A Scientific Look at the Benefits of Probiotics
I’m concentrating on probiotics and fermenting for the month, and this is the first installment, here is an index I’ll add posts to as I publish them. I wanted to write an epic thorough post on probiotics, complete with scientific references and explanations. The problem is, that’s called a book. For now, please accept this truncated and incomplete version. I’ve tried to include ample sources to demonstrate that the immense importance of probiotics is not some hippy-feel-good theory, but grounded in science.
I’ve long known that ‘probiotics’ were good for you in a general way, hearing advice to take them after antibiotics. We are, however, discovering functions of probiotics that are actually fundamental to our well being, as opposed to being a nice thing to have. Studies and experiments are continually discovering new ways that these little bugs benefit the human host and I think we are just starting to uncover the tip of the iceberg.

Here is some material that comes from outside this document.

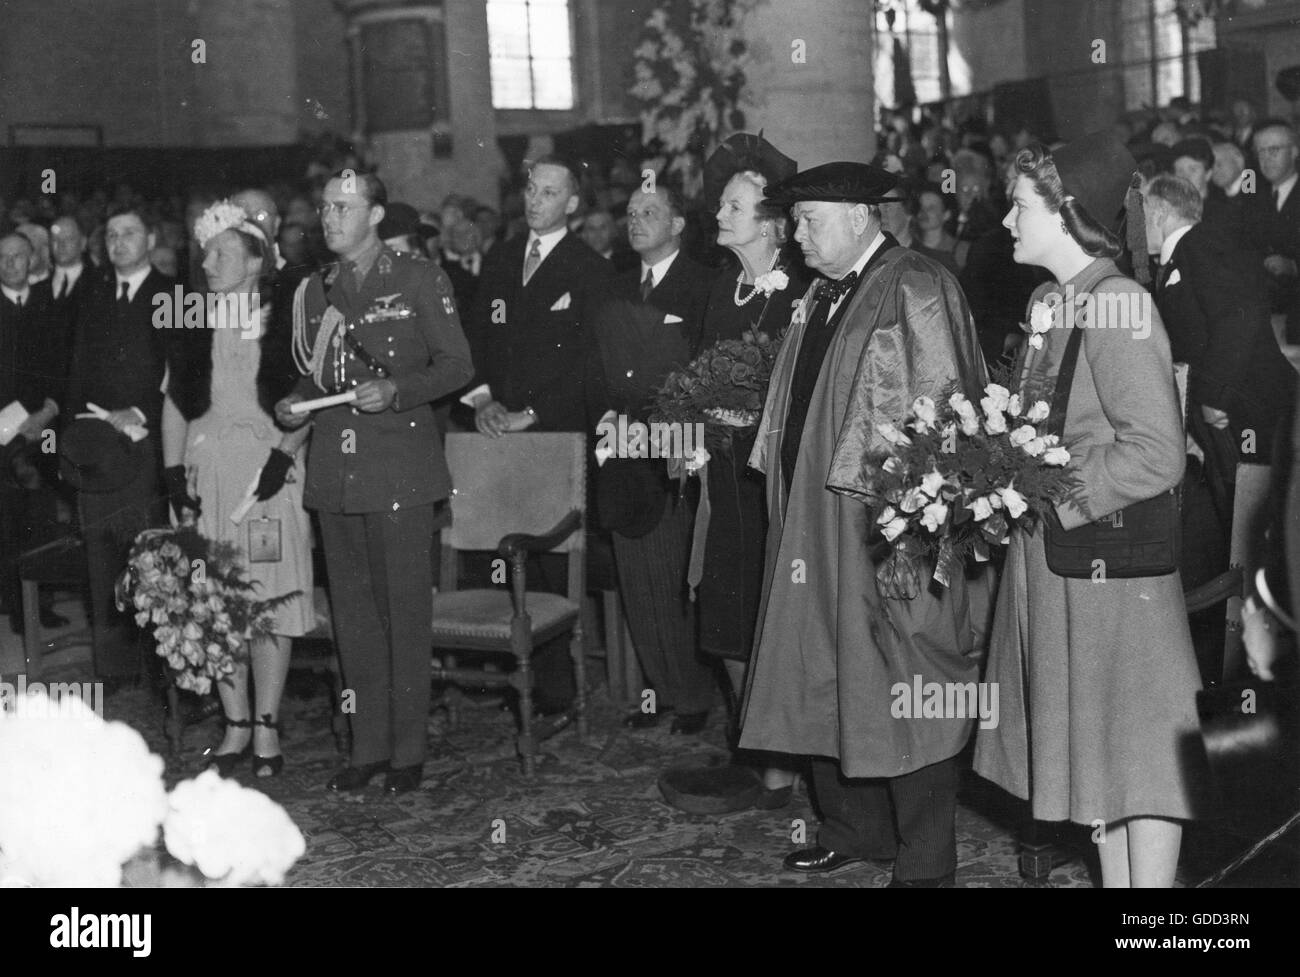 Churchill, Winston, 30.11.1874 - 24.1.1965, British politician (Cons.), visit to the Netherlands, bestowal with the honorary doctorate of the University of Leiden, ceremony in the Pieterskerk, May 1946, from left: princess Juliana, prince Bernhard, wife Clementine Churchill, Winston Churchill, daughter Mary Churchill, Stock Photo

Probiotics are mostly bacteria, with a few kinds of yeast, that populate our bodies. We tend to concentrate on the ones that reside in the gut, but beneficial bacteria are also present on all the places of contact with the ‘outside’ world, including skin, eyes, genitals, and breastmilk. For our purposes, we will focus on beneficial flora in the gut.
Technically, probiotics are defined as “live micro-organisms which, when administered in adequate amounts, confer a health benefit on the host” by the World Health Organization. This definition is mostly in reference to supplements and advertising claims, so that ‘probiotic’ on a label must have scientific evidence of some health benefit from the strain of bacteria or yeast that is being promoted. With an estimated 1000 species of beneficial flora residing in or on the human person and however, there is much more research before all the health benefits that do exist are found out. And of those 1,000 species of beneficial bacteria in the human ‘eco-system’, each of those species has multiple strains, each of which can have a different influence on the human host.
As an example of how much we don’t yet know, the second most common bacterial species listed in the American Gut Project ( a project examining swabs/samples from a variety of people mostly in the United States) doesn’t have a name – in fact, it doesn’t even have a named genus. And the most common bacteria mapped by the American Gut Project is practically non-existent in the Hanza tribe of Tanzania, a group still living a hunter-gatherer lifestyle. This study, as well as other, indicates that the composition of an individual’s microbes is dependent on that individual’s diet.